Перверзия торжествует через релятивацию и плюрализм: «одинаковое» низвержение позиций Запада и Востока, США и России, приводит к вакууму, который номинируется либеральным Западом и загоняет левых в один лагерь с неонацистами. Потакание злу обращается предпочтением зла перед добром. Пацифизм Ноама Хомского как носителя пассивной толерантности и «мета-позиции» «возвышающейся» «над схваткой», неизбежно трансформируется в «здравый» прагматический милитаризм Славоя Жижека как противника «военного пацифизма», но обращается этот милитаризм не против Запада, а против России, не против фашизма, а как раз в его защиту.

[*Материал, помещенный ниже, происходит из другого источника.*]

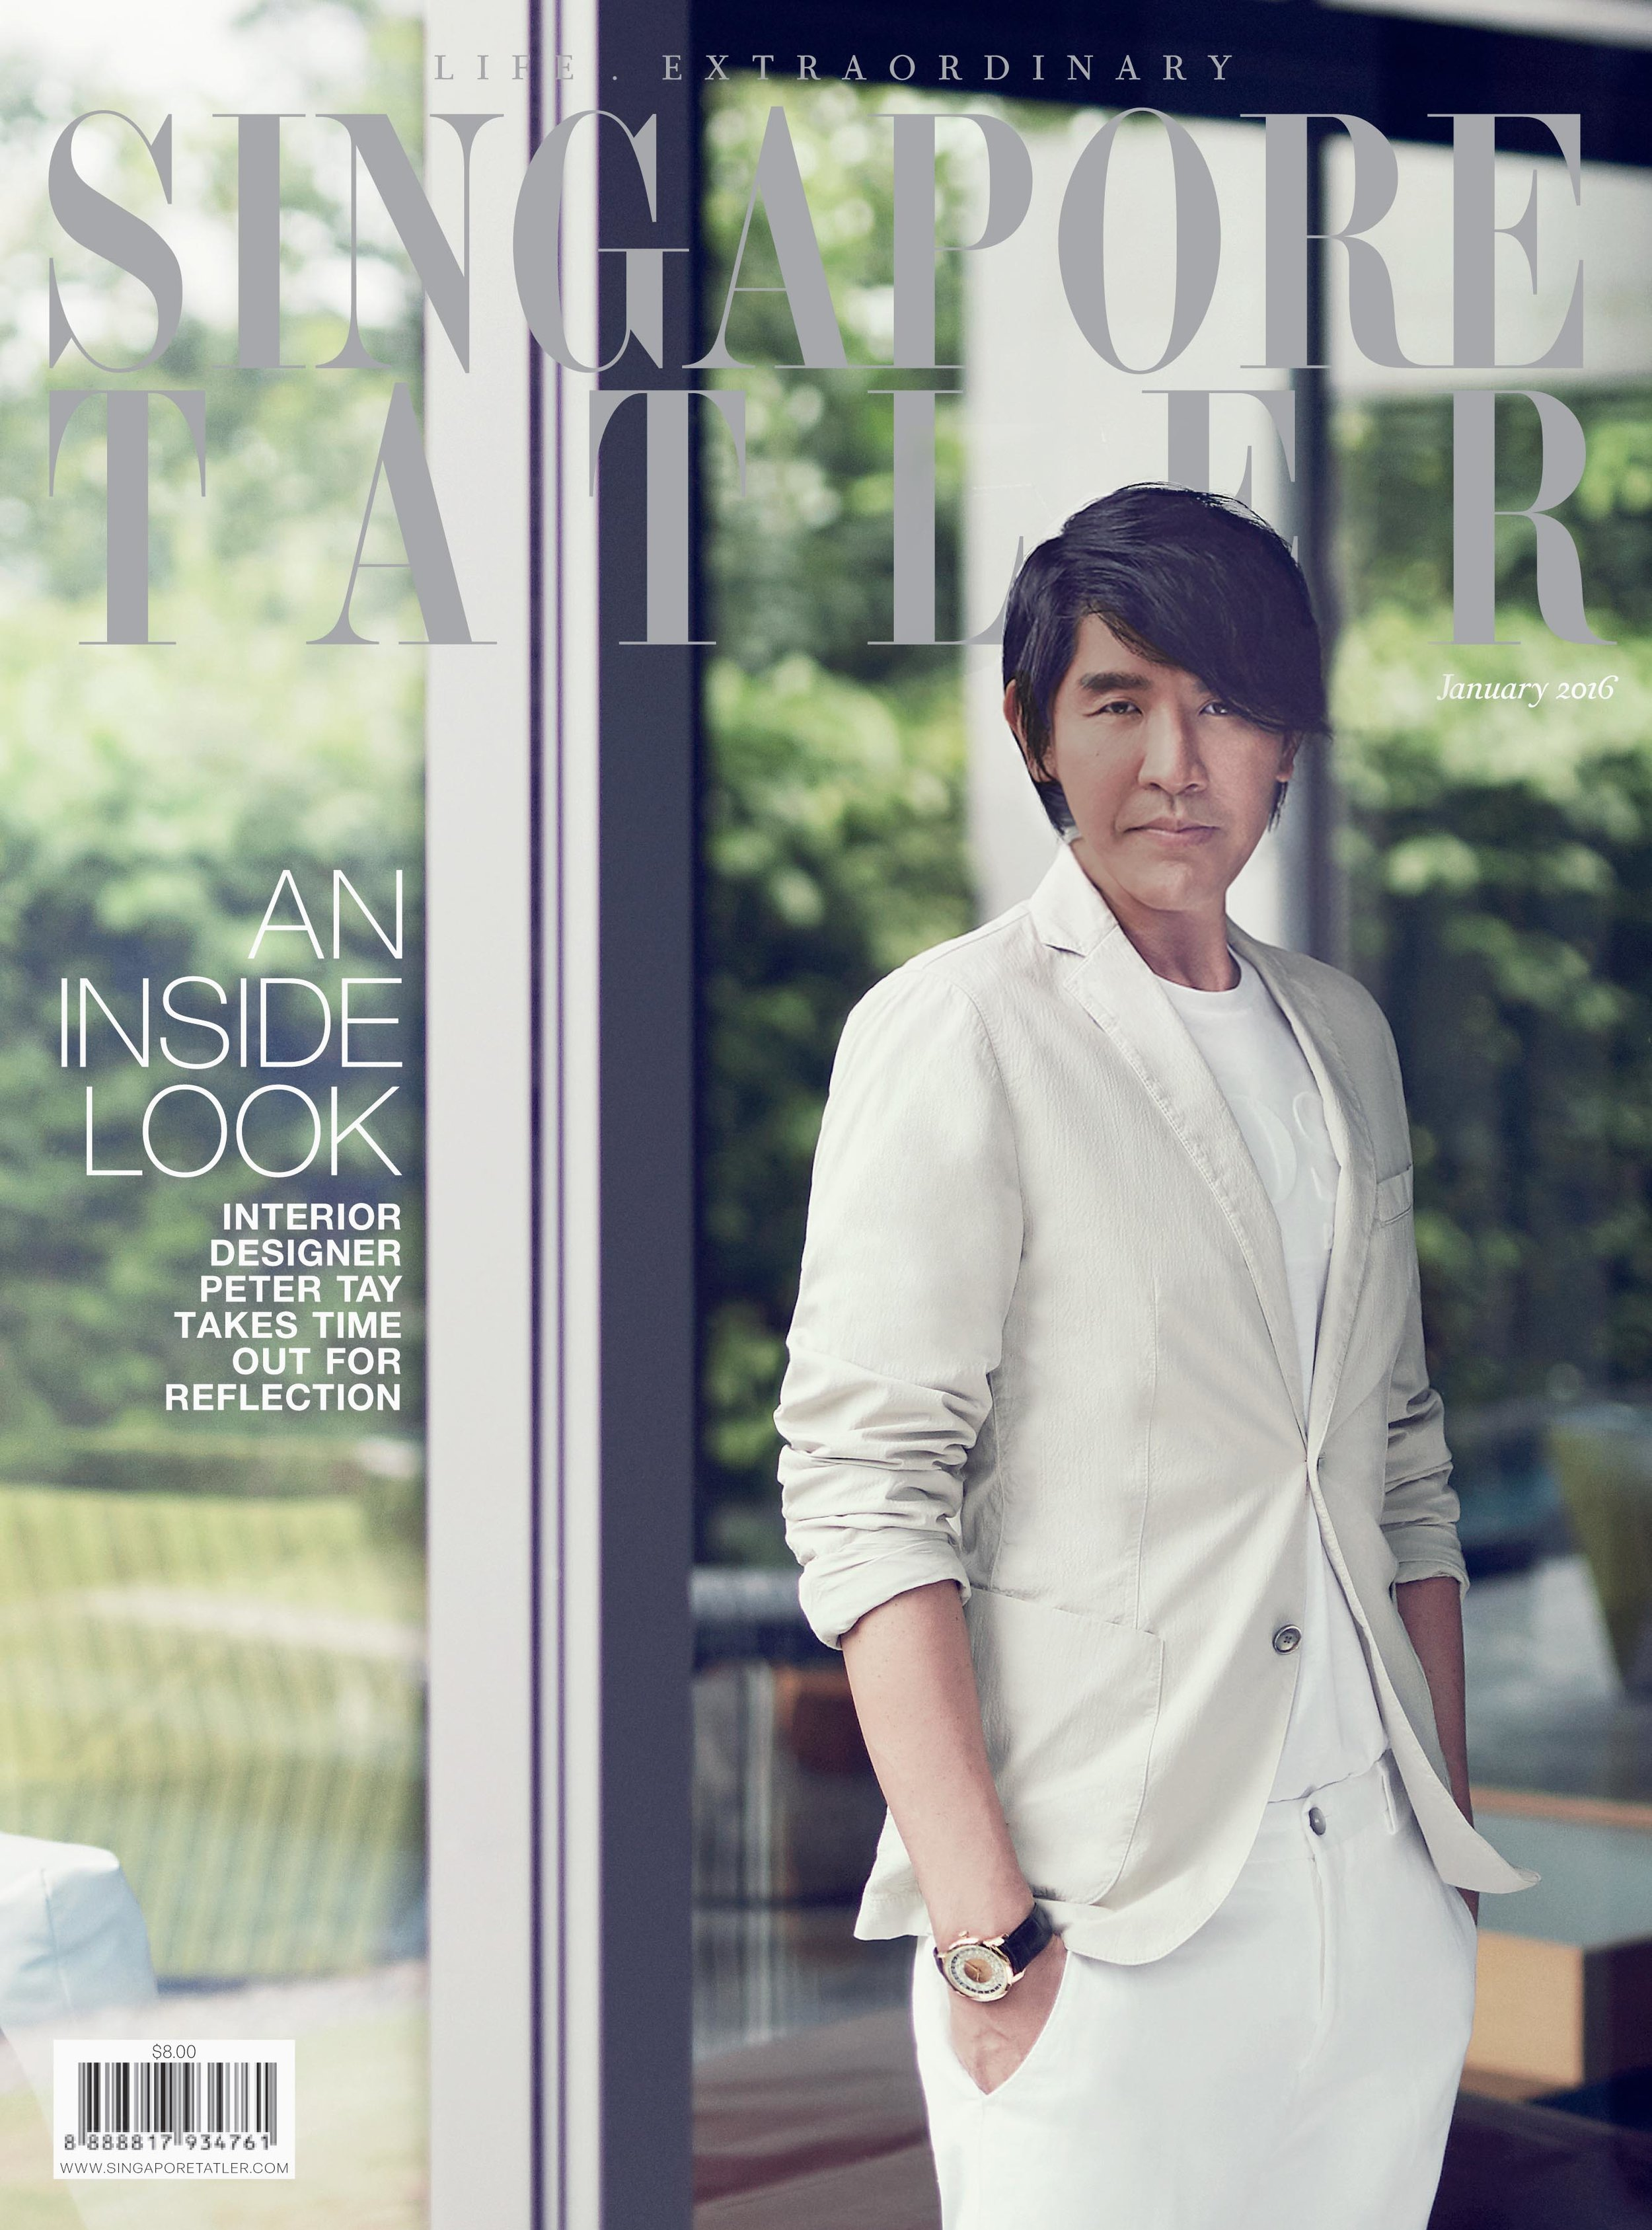 2016, Jan/Singapore Tatler Magazine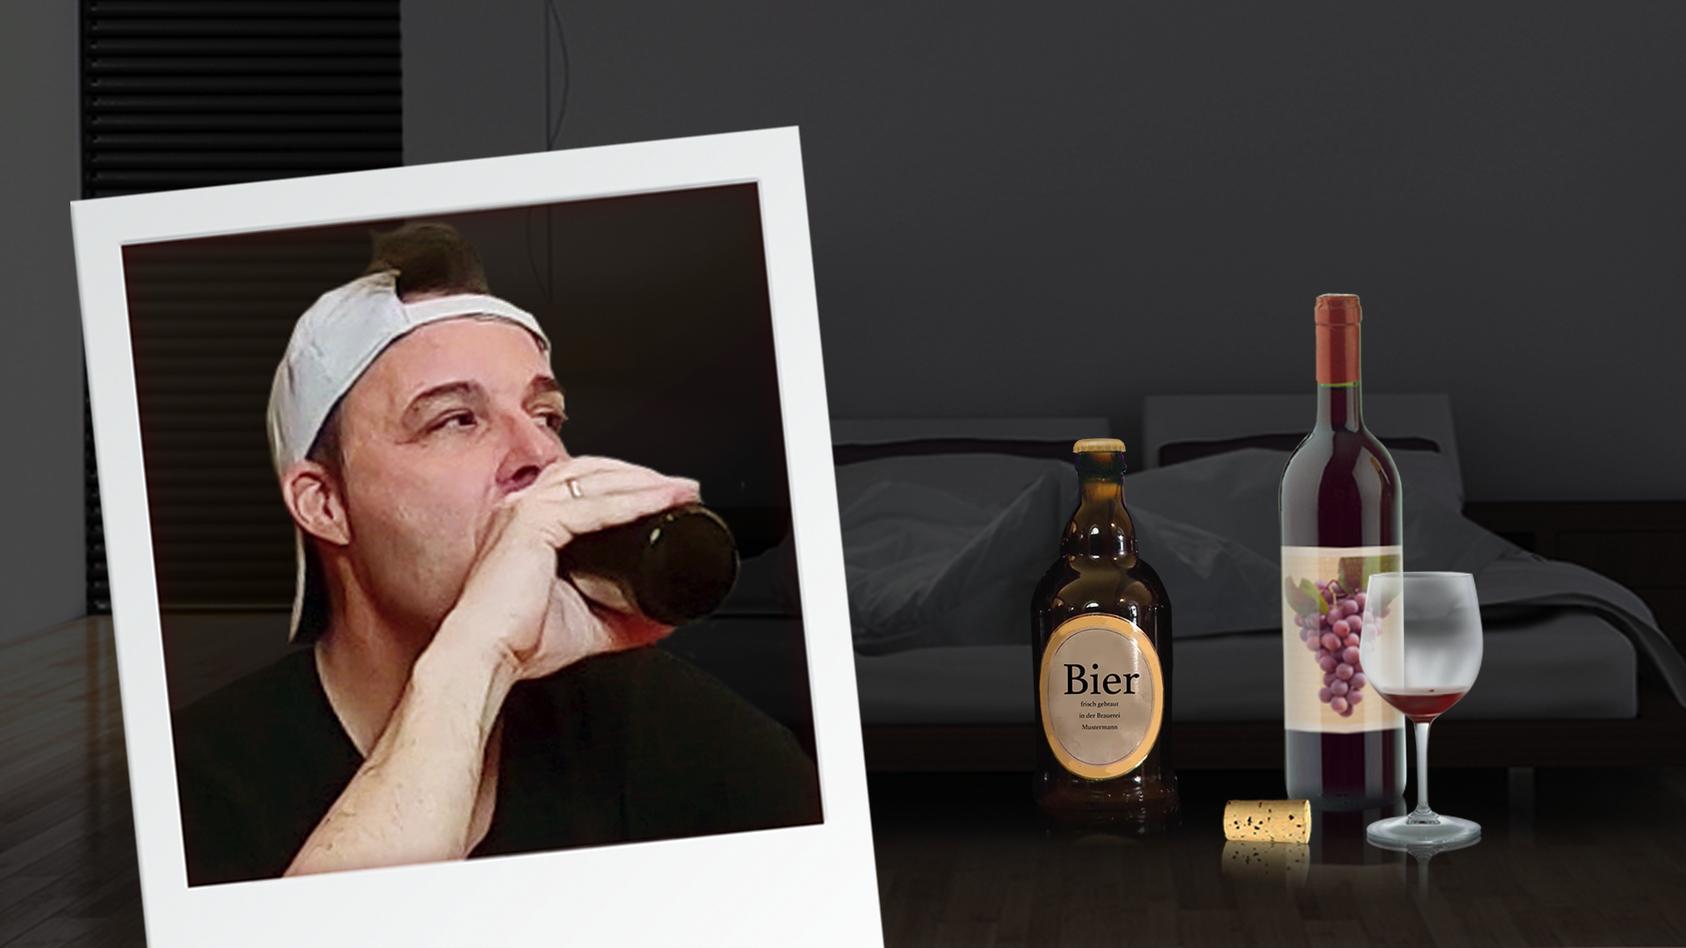 rtl-reporter-macht-den-test-mythos-besserer-schlaf-dank-alkohol

Игра идолов языка приводит к переключению кодов: антифашизм оказывается «фашизмом», фашизм – «антифашизмом» и «глобальной свободой». Полное игнорирование левым интеллектуальным движением Запада пролетарского протеста Донбасса как разрыва и вакуума является циничным самоотрицанием современного марксизма в плену у этнического украинского хтона, спонсируемого американизмом. Антиколониалист оказался колониалистом, оправдывая действия метрополии. Именно этот цинизм транснациональной власти кажется нам «наивным» и полностью обезоруживает нас, лишая спасительного приюта конспирологии.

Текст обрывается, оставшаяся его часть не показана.